The cryptocurrency market has enormous growth potential. In this study, the aim is to investigate how the news (shocks) affects cryptocurrency market volatility. This is significant because, while cryptocurrencies are gaining popularity among investors, the market’s extreme volatility discourages some prospective buyers, while also causing large losses for inexperienced investors.
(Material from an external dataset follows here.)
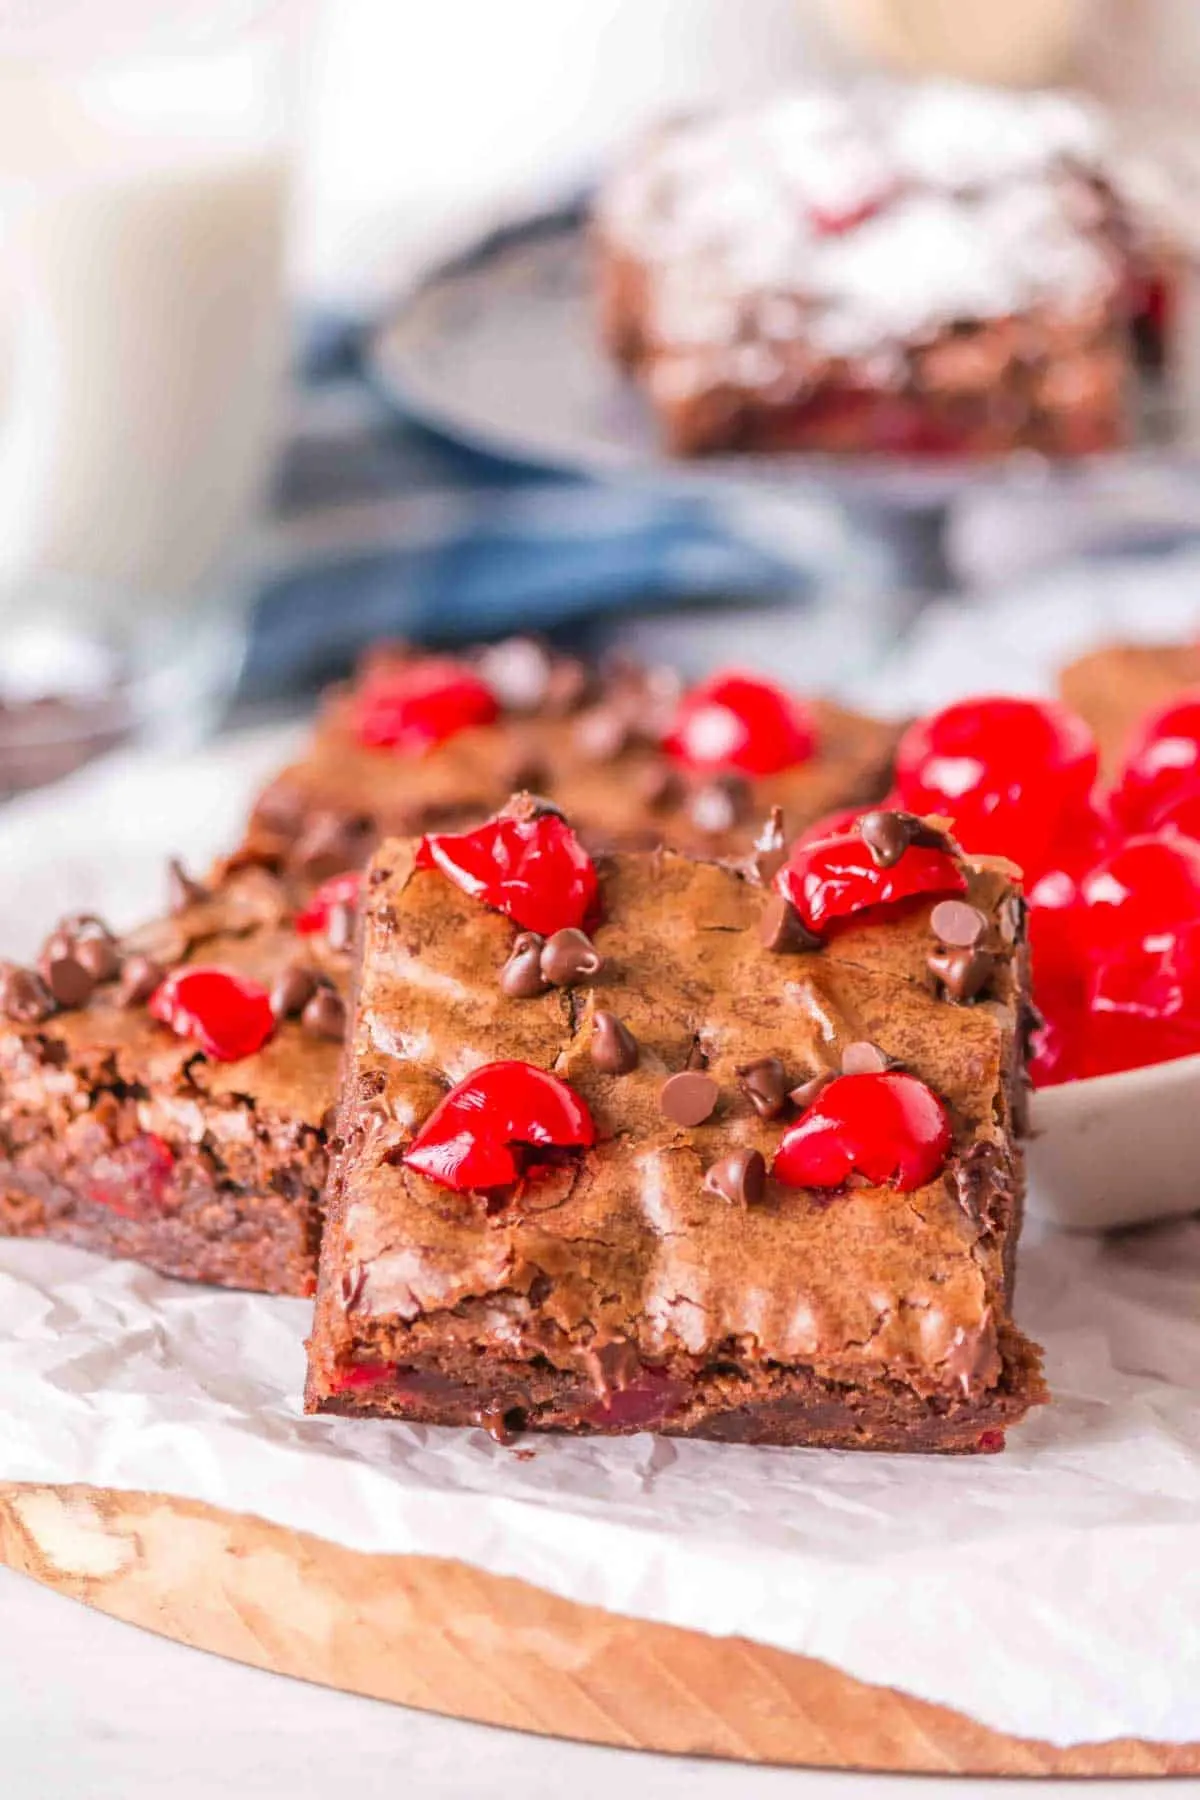 Maraschino Cherry Brownies are decadent chocolate brownies made with boxed brownie mix, chocolate chips, maraschino cherries and instant coffee.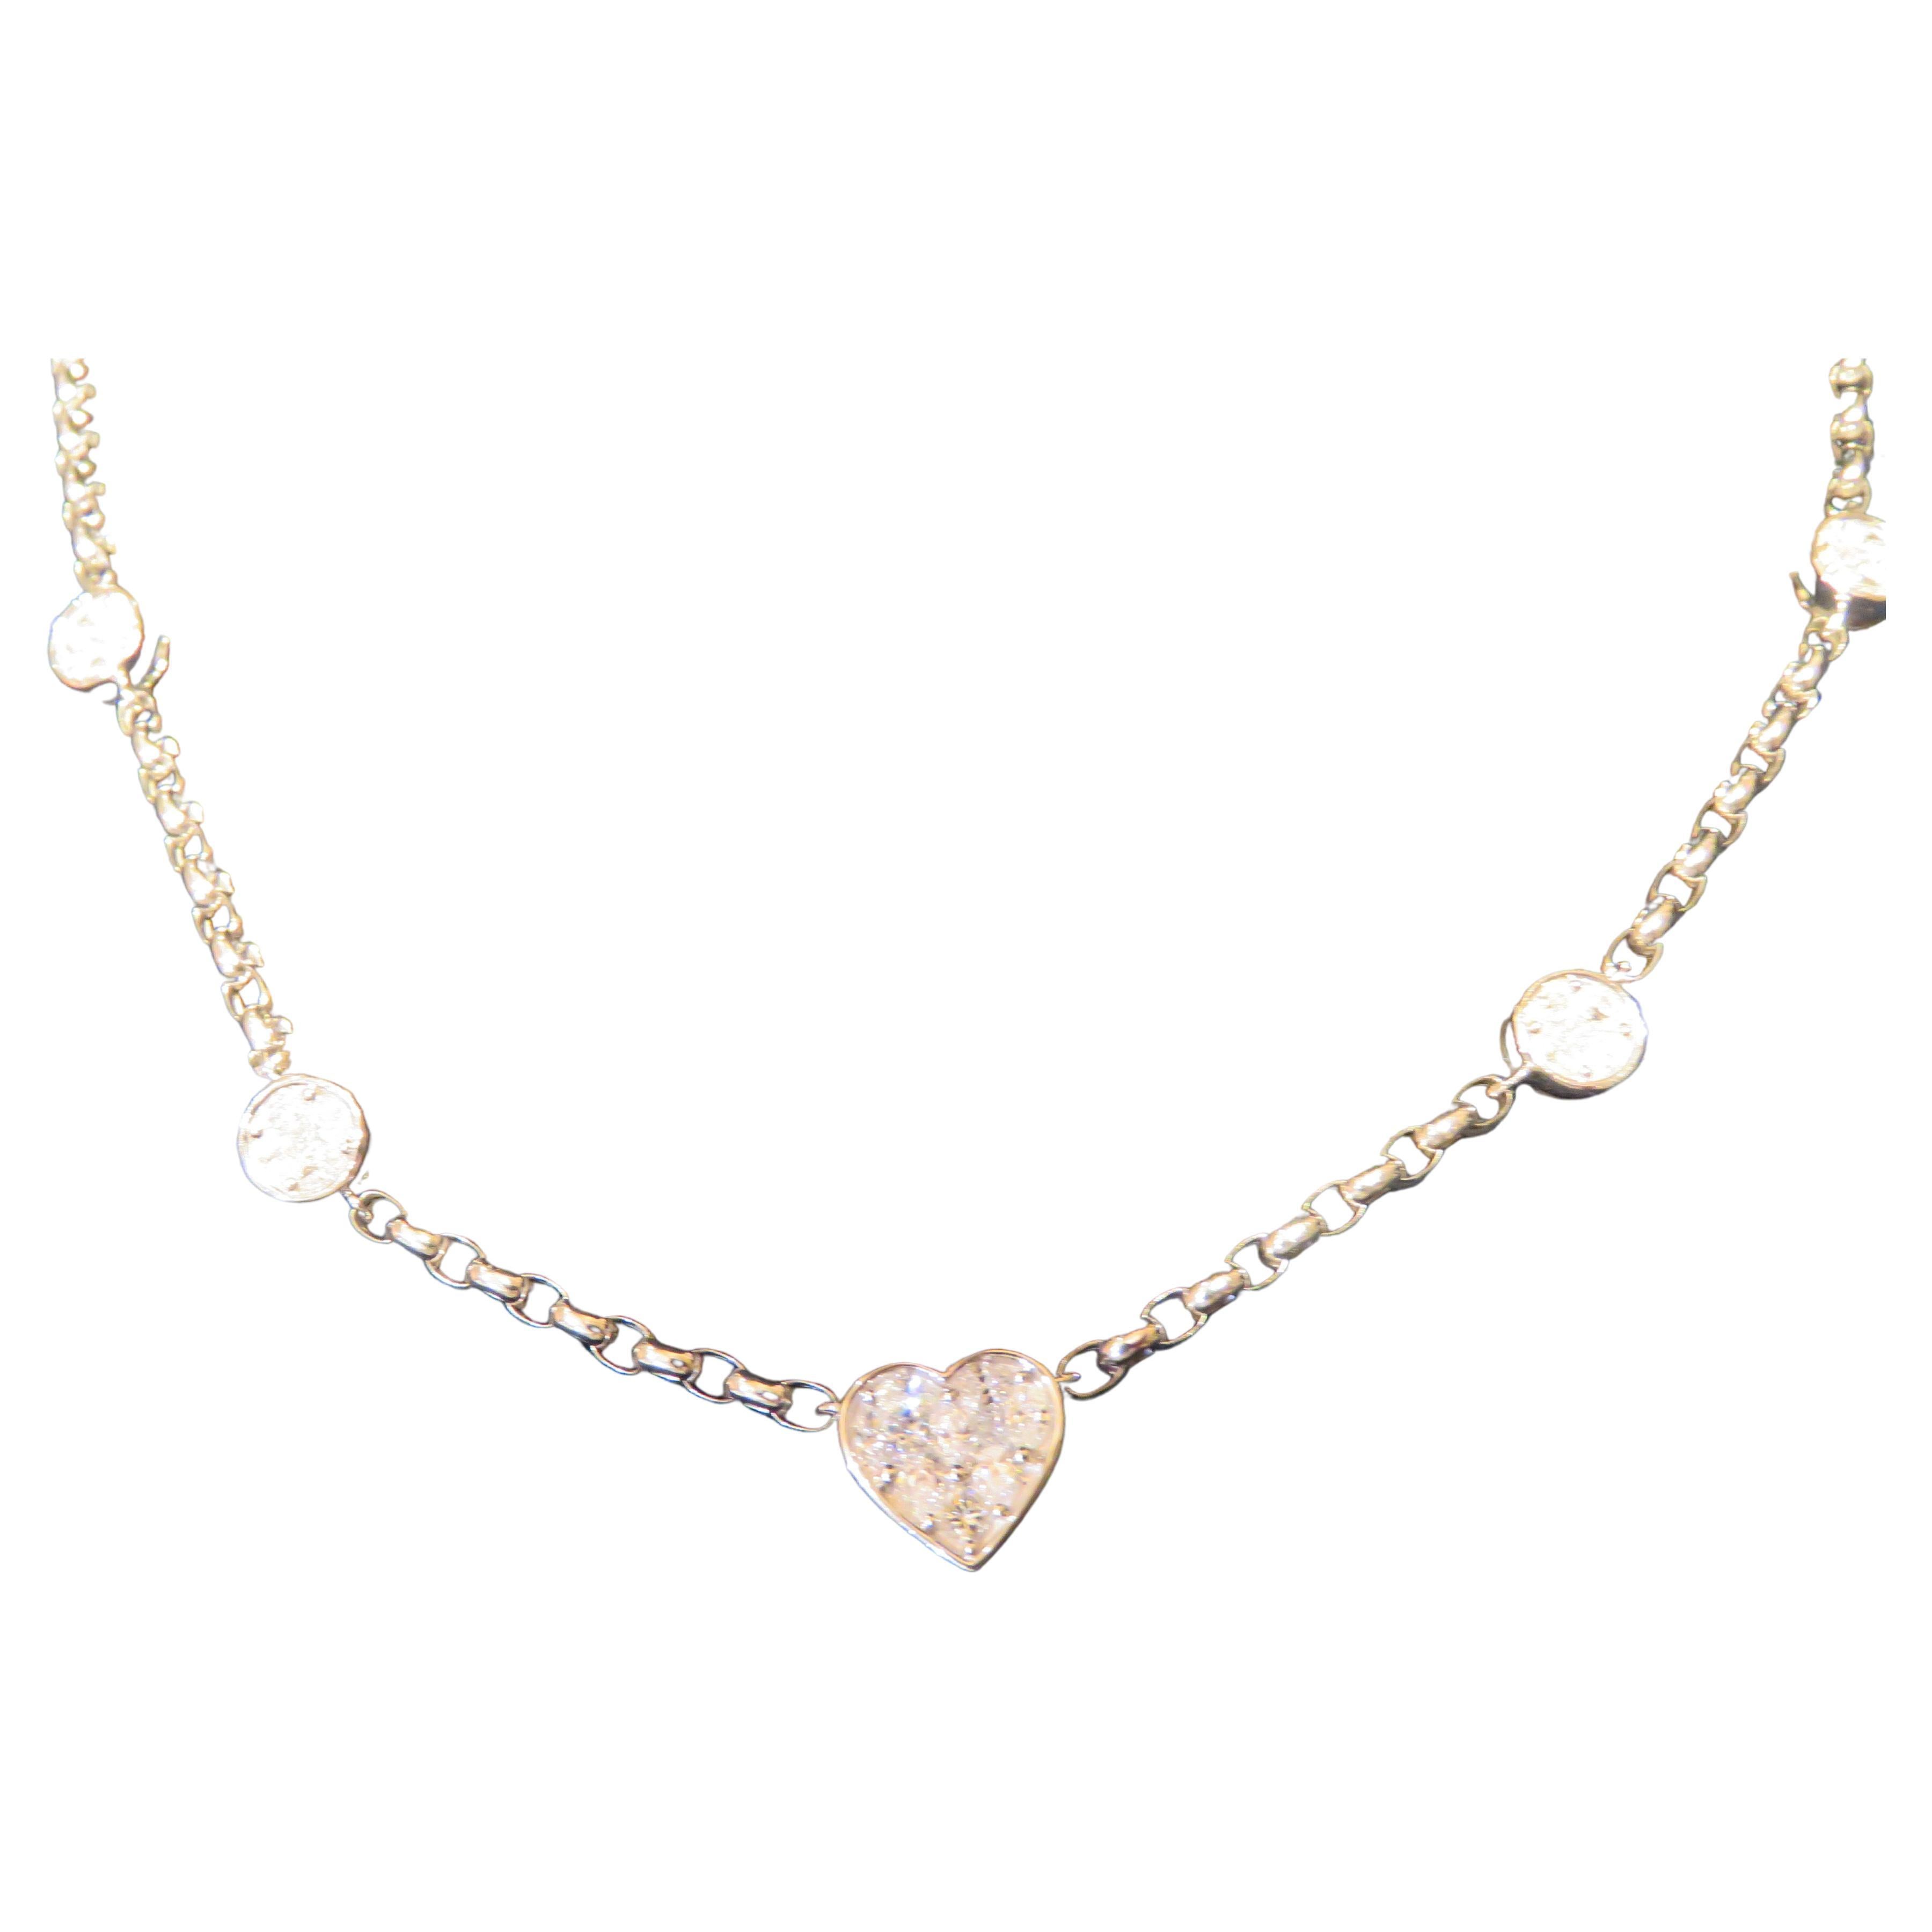 NWT $17, 812 18KT Gold Glittering Fancy Pave Heart and Round Diamond Necklace For Sale

From 8 March 2019 to 30 November 2022, data from Bitcoin, Binance Coin, Ethereum, Dogecoin, and XRP were collected for the current study. The E-GARCH model was applied to the framed dataset to achieve the research aim. We discovered that the value of the size factor for all currencies was statistically significant, indicating that the news (shocks) significantly impacts volatility. Furthermore, volatility persistence in all cryptocurrencies is found to be very high and statistically significant. These study findings can help investors understand the impact of the news (shocks) on volatility in cryptocurrency returns.

Suggested Citation

  • Mukul Bhatnagar & Sanjay Taneja & Ramona Rupeika-Apoga, 2023. "Demystifying the Effect of the News (Shocks) on Crypto Market Volatility," JRFM, MDPI, vol. 16(2), pages 1-16, February.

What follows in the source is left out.